Ortiz Preaches Municipal Gospel

League President Begins Statewide Tour in Pensacola
by Jeremy Morrison, Inweekly

Florida League of Cities President Antonio “Tony” Ortiz visited Pensacola Tuesday, kicking off a tour of the state’s municipalities.

“It’s my first time in Pensacola,” said Ortiz, adding that he was enjoying learning about the city’s history and considered it an ideal place to begin his tour.

Ortiz, who also serves as a city commissioner in Orlando, said he was on a League mission, hoping to fire up Floridians about participatory democracy.

“Our mission resonates with every resident in the state of Florida and for that matter the whole nation, because it’s a mission that needs to get anywhere and everywhere, in terms of people getting involved,” the League president explained.

The purpose of Ortiz’s current road trip across the state is to promote the League’s “Building Stronger Cities” initiative, which stresses “organizing, empowering and delivering” and, more particularly, emphasizes the merits of allowing local governments to make local decisions without state interference and encourages citizens to contact state representatives on the subject.

“Our message is very simple. It’s about engagement, it’s about acknowledging what we have in our hands, and it’s about engaging the state legislators,” Ortiz said during a visit with local press at Pensacola City Hall.

Casting the League’s crusade for local municipalities as righteous — quoting founding father Thomas Jefferson and televangelist Joel Osteen — Ortiz said he considered his current work to be akin to “preaching the gospel.”

“And this is a gospel that needs to be preached to the whole state, to the whole nation for that matter,” Ortiz said.

The crux of this issue regarding local vs. state authority, according to Pensacola Mayor Grover Robinson, resides in Florida’s 1968 state constitution, which provides local governments with so-called home rule authority, allowing for local governments to establish a charter and set ordinances, codes, resolutions and such without state interference.

“It really allows each community to be its own community and accentuate the things that it does best,” Mayor Robinson said. “I think that’s what home rule allows, and the legislation, when they trample on that with preemptions and mandates, it really changes what we can do and what we should be allowed to do by what is the ‘68 constitution that allows for home rule.”

“Home rule safeguards your wishes,” Ortiz said, “in respect to the needs of your local community and allows for local government to attend those needs without interference from state government.”

This concept of home rule has come into play recently, with Florida Gov. Ron DeSantis preempting local governments from enacting any sort of mandated safety measures — such as the wearing of face coverings — during the pandemic. For example, Pensacola enacted a mask mandate but rapidly lost its ability to enforce it because of the governor’s executive order.

“Took the teeth away from it,” Robinson said of the order’s impact on the city’s mask mandate.

“He should allow local governments to handle that,” Ortiz agreed.

Other ground where the state’s home rule concept is currently relevant involves the location and construction of 5G communication towers, as well as regulating short-term vacation rentals. With the 5G towers, state legislators have blocked local governments from having a seat at the table. As for the short-term rentals, legislation is currently circulating in Tallahassee, which would make their regulation a state function.
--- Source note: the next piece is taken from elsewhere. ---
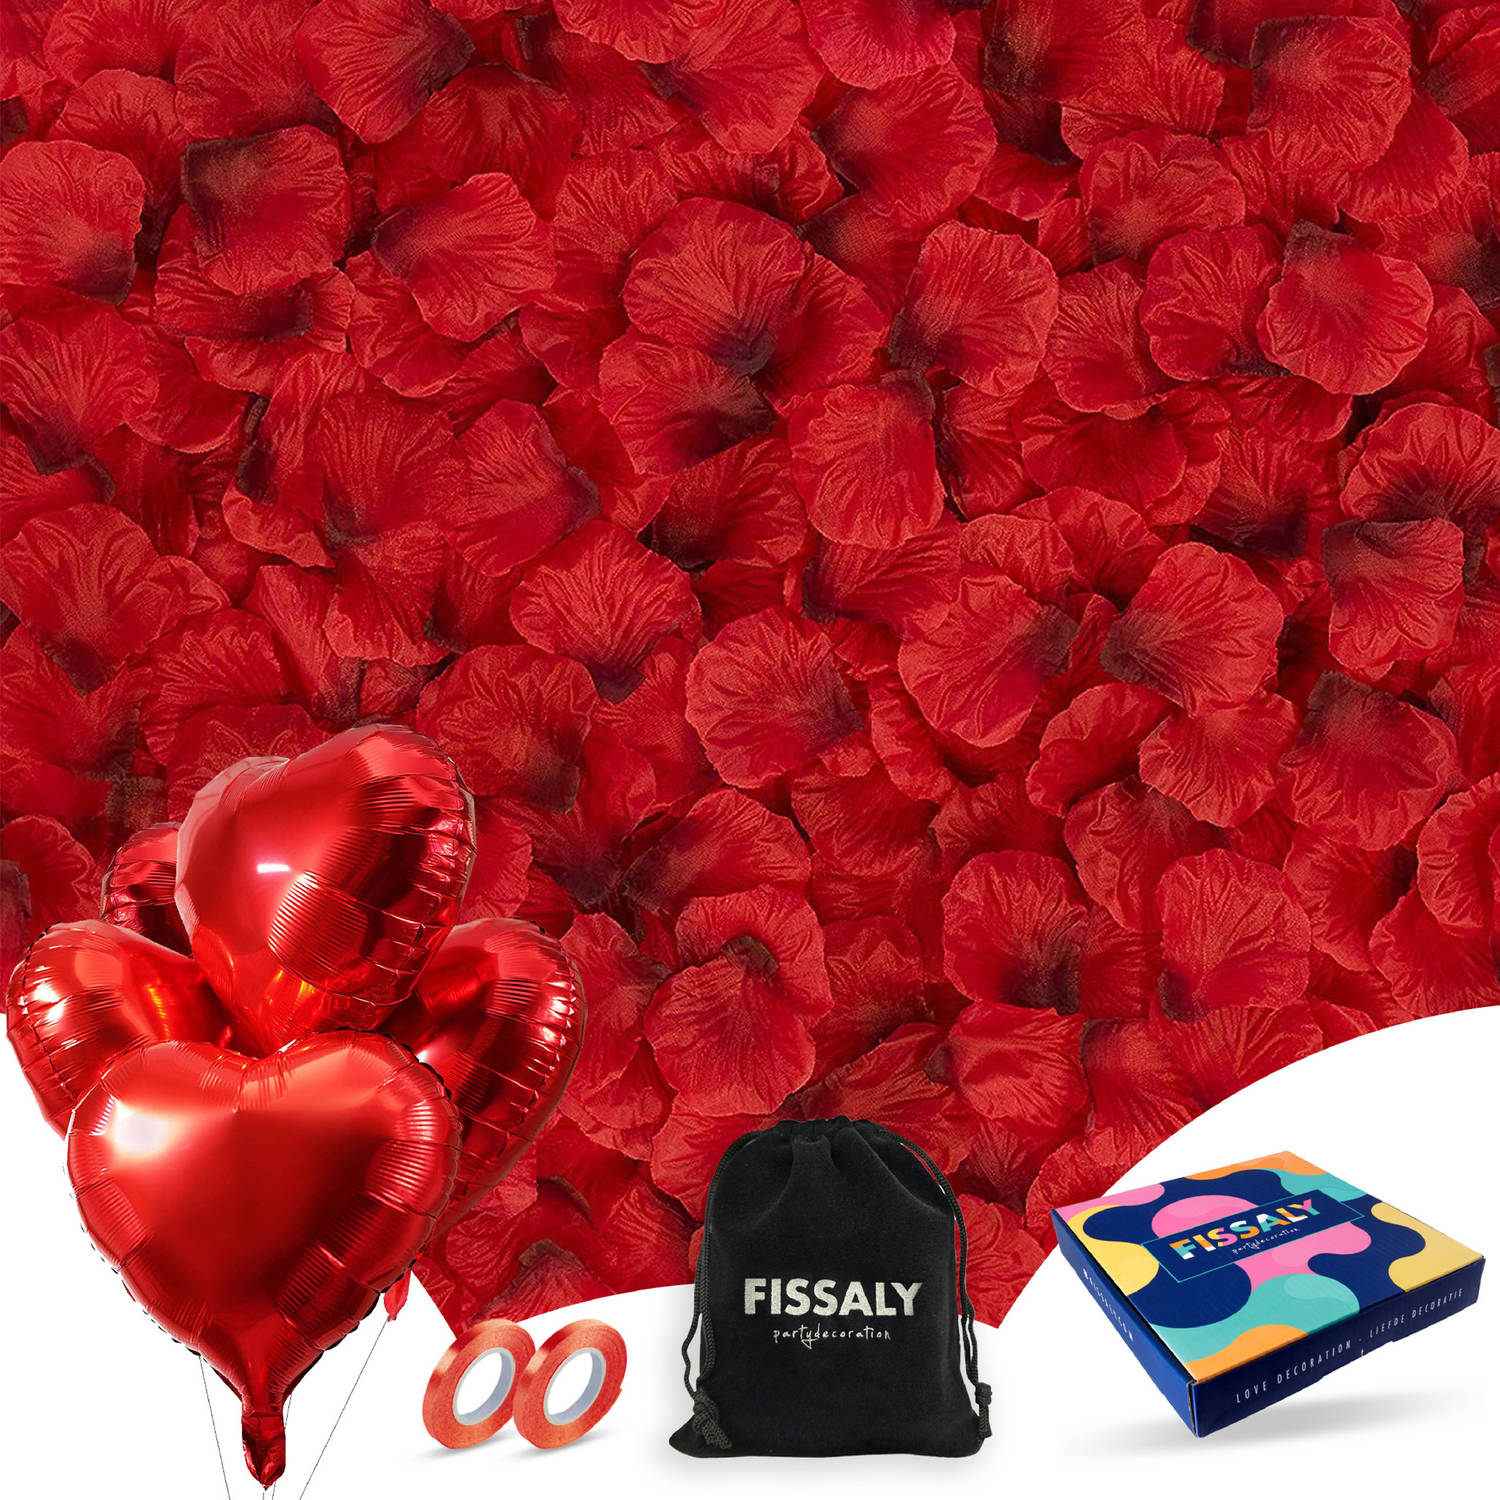 Fissaly® 2000 Stuks Rode Rozenblaadjes met Hartjes Ballonnen - Romantische Liefde Versiering - Liefdes Decoratie - Rood

Ortiz said he is urging citizens across Florida to contact their state legislators in Tallahassee on behalf of their local municipal governments and lobby for the home rule concept.

“This is not for everybody in Tallahassee,” Ortiz clarified. “This is for those who have gone to Tallahassee and forgotten what they are there for. They are there to represent the people.”

Mayor Robinson noted that the legislators representing Pensacola — Rep. Alex Andrade and Sen. Doug Broxson — were reasonably open in communicating with the city and soliciting municipal interests, just not as good as former Rep. Frank White: “Frank would pick up the phone and call me right away and say, ‘What do you think? What’s going on?’”

While there is some objection in Tallahassee to allowing local governments to enjoy a more realized version of home rule, Ortiz said that he thinks some state lawmakers are sympathetic to the League’s concerns. Specifically, he said, state senators may be more likely to consider the matter with an independent frame of mind than their House counterparts, who tend to fall into a party line.

On that front, Ortiz said he has noticed somewhat of a current partisan divide with home rule. While Republicans have historically been cool with the concept — both Ortiz and Robinson are Republican — the issue garners the bulk of its support on the Democratic side of the aisle these days.

“I hate to take sides on this in terms of partisanship because to tell you the truth, I’ve seen, on both sides of the aisle where people are favoring home rule,” Ortiz said. “But, sadly enough, yes, it’s a reality that we see more on the Democratic side favoring home rule.”

Robinson said he felt that the issue should transcend partisanship, contending that such local-level governmental functions as sanitation and road repair shouldn’t be caught up in politics or the tribalistic notion of partisan “sides.”

“We’re allowing the sides to tear at the fabric of what is most important, and that is community, and that’s working together to solve these problems,” Mayor Robinson said.